Chance of Beating Baseline
Similar to binary conversion goals, this figure can change as your experiment accrues more data. When it hits 100%, it confirms that the Variation has reached a 95% confidence level compared to the Baseline.

Real World Examples

Using Binary Conversion Experiment Goal and Calculation

Here is an example of experiment results for a Binary Conversion goal you get in the Taplytics platform:

The values used in the report are calculated as follows:

Conversion rate (p): For each variation, the conversion rate is calculated as the ratio of conversion events to the denominator events.

p = (Conversions / Sessions) * 100

% Change: The percentage change of the conversion rate between the Test variation and the Control variation is calculated as:

Percentage Change = ((V_variation - V_baseline) / V_baseline) * 100

Confidence interval: A statistical method for calculating a confidence interval around the conversion rate is used for each variation. The standard error (for 1 standard deviation) is calculated using the Wald method for a binomial distribution:

SE = √(p(1-p) / sampleSize)

To determine the confidence interval for the conversion rate, multiply the standard error with the 95th percentile of a standard normal distribution (a constant value equal to 1.96), resulting in a 95% confidence that the conversion rate, p, is in the range of:

p ± (1.966 * SE)

Chance of Beating Baseline: Our statistical significance calculation that tells us if our experiment results are statistically significant at a 0.05 significance level or 95% confidence.

The values in the interface are represented as a percentage ranging from 0-100%.

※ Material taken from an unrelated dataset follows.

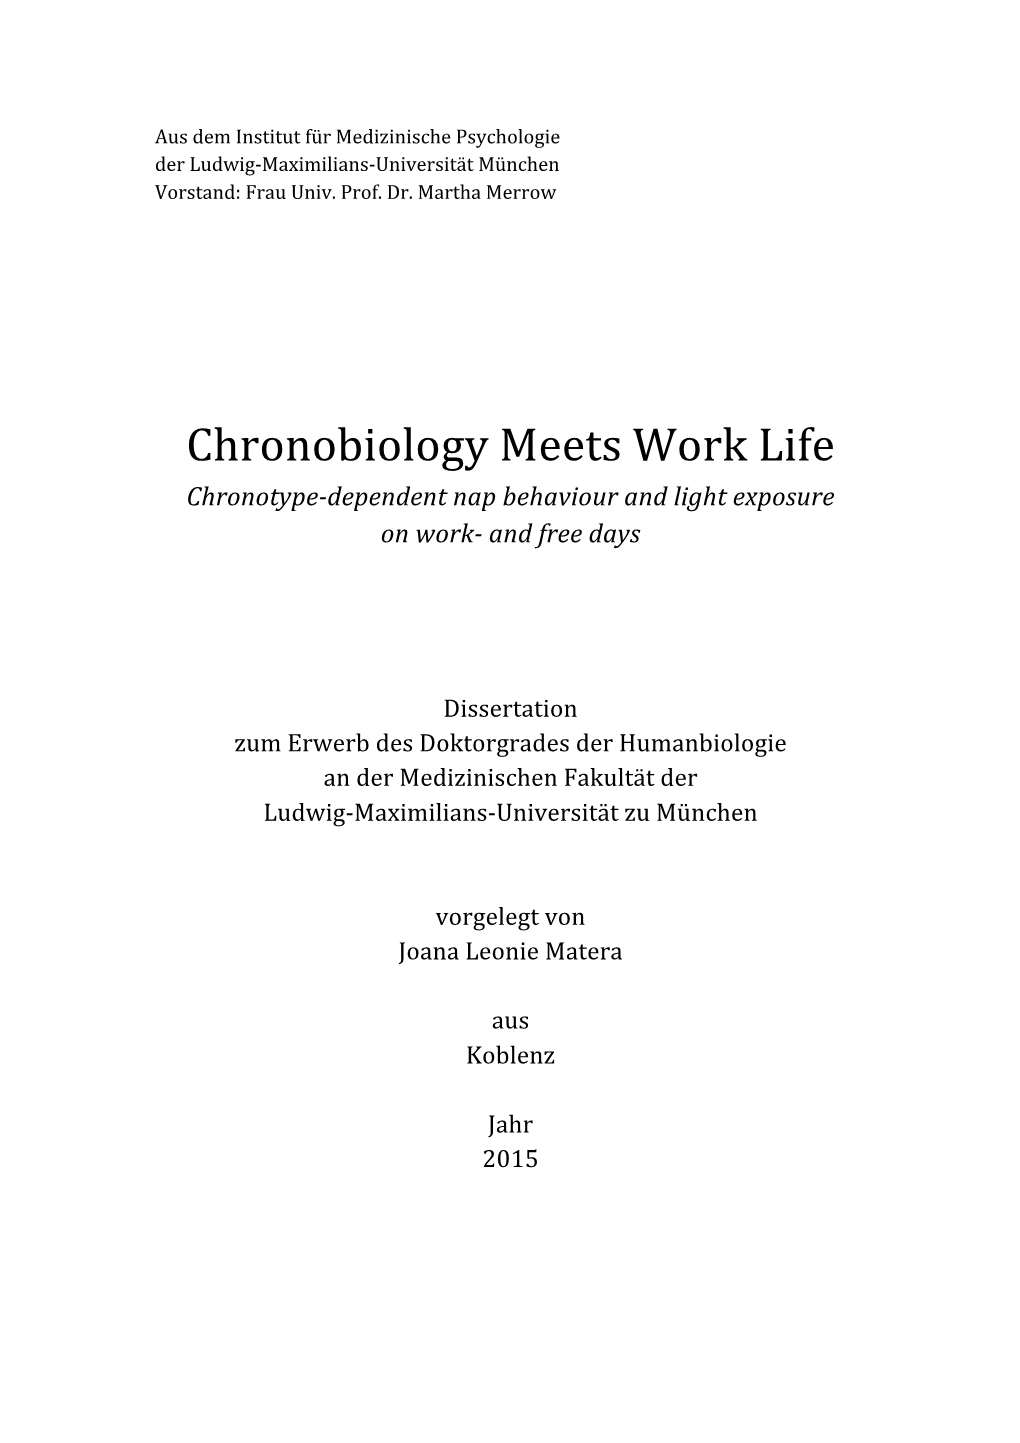 Chronobiology Meets Work Life Chronotype-Dependent Nap Behaviour and Light Exposure on Work- and Free Days
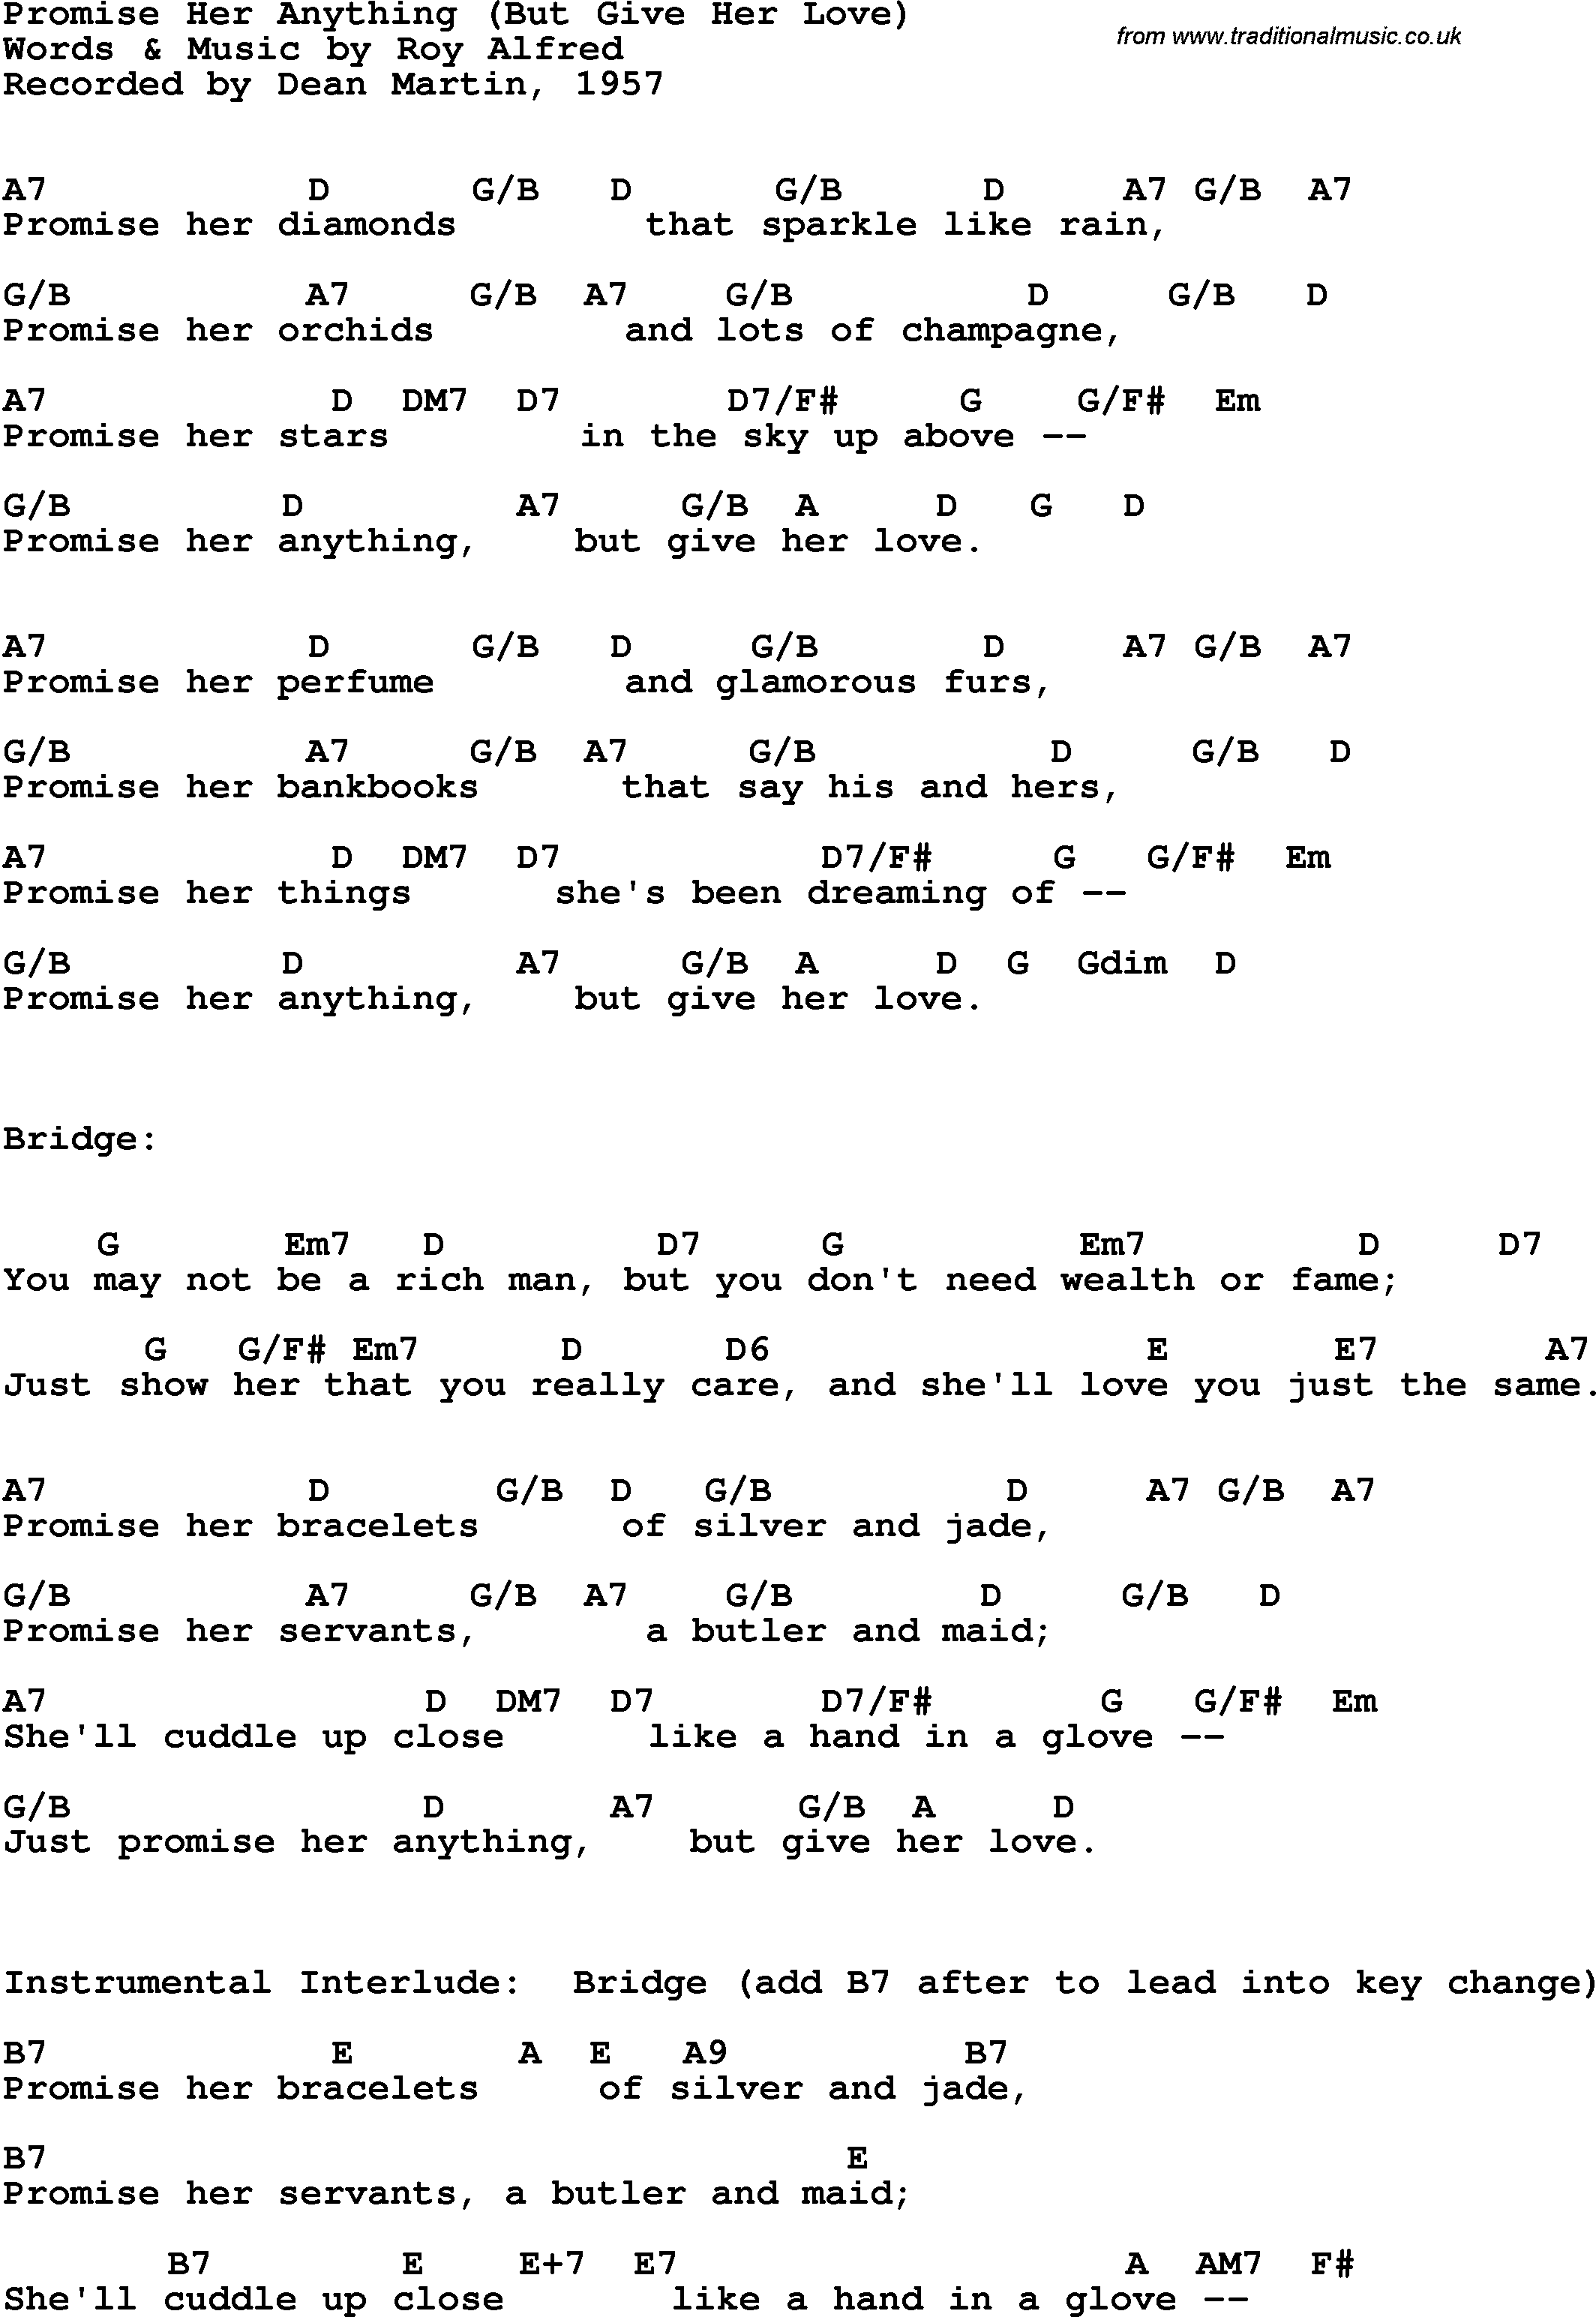 Song Lyrics with guitar chords for Promise Her Anything - Dean Martin, 1957

To determine this value, we use a cumulative distribution function (CDF). A Cumulative Distribution Function (CDF) is a function that gives the probability that a random value is less than or equal to another value. For a standard normal distribution, this is often represented as Φ(x). It essentially provides you with the cumulative probability for a given x-value.

The standard normal distribution is a special case of the normal distribution. It is a continuous probability distribution where the mean is 0 and the standard deviation is 1. The standard normal distribution is useful because any normal distribution can be transformed to a standard normal distribution.

The formula for the CDF of the standard normal distribution is:

Φ(x) = 0.5[1 + erf(x/√2)

Φ(x) is the cumulative distribution function of the standard normal distribution.
erf(x) is the error function.
x is a random variable from the standard normal distribution.

In Taplytics, the CDF is used in conjunction with p-value computation to determine if the observed difference is statistically significant. If the computed p-value is less than 0.05 significance level, you reject the null hypothesis (which assumes no difference between A and B) and conclude that the difference is statistically significant.

Understanding Errors in Experimentation

In Taplytics Experimentation, just like any controlled experiment, you should anticipate three possible outcomes:

Accurate results – When there's a genuine difference between baseline and the variation, the data reflects a winner or a loser accordingly. Conversely, when there's no significant difference, the data shows an inconclusive result.
False-positive (Type I Error) – Your test data shows a significant difference between your original and variation, but it’s merely random noise in the data; there's no real difference between your original and your variation.
False-negative (Type II Error) – Your test shows an inconclusive result, but your variation is genuinely different from your baseline.

Taplytics ensures an optimal balance between experiment sensitivity and reliability. We enable product and engineering teams to make informed, data-driven decisions, and ultimately, empower them to continuously improve and enhance user experience based on trustworthy insights.

Remember, the statistical tests used in Taplytics, and in A/B testing in general, provide a mathematical framework to make informed decisions. However, like all statistical tests, they are not infallible and are based on certain assumptions. Violations of these assumptions can lead to misleading results. It's crucial to understand the conditions of the tests and ensure that your data meets those conditions as closely as possible to draw valid conclusions from your A/B tests.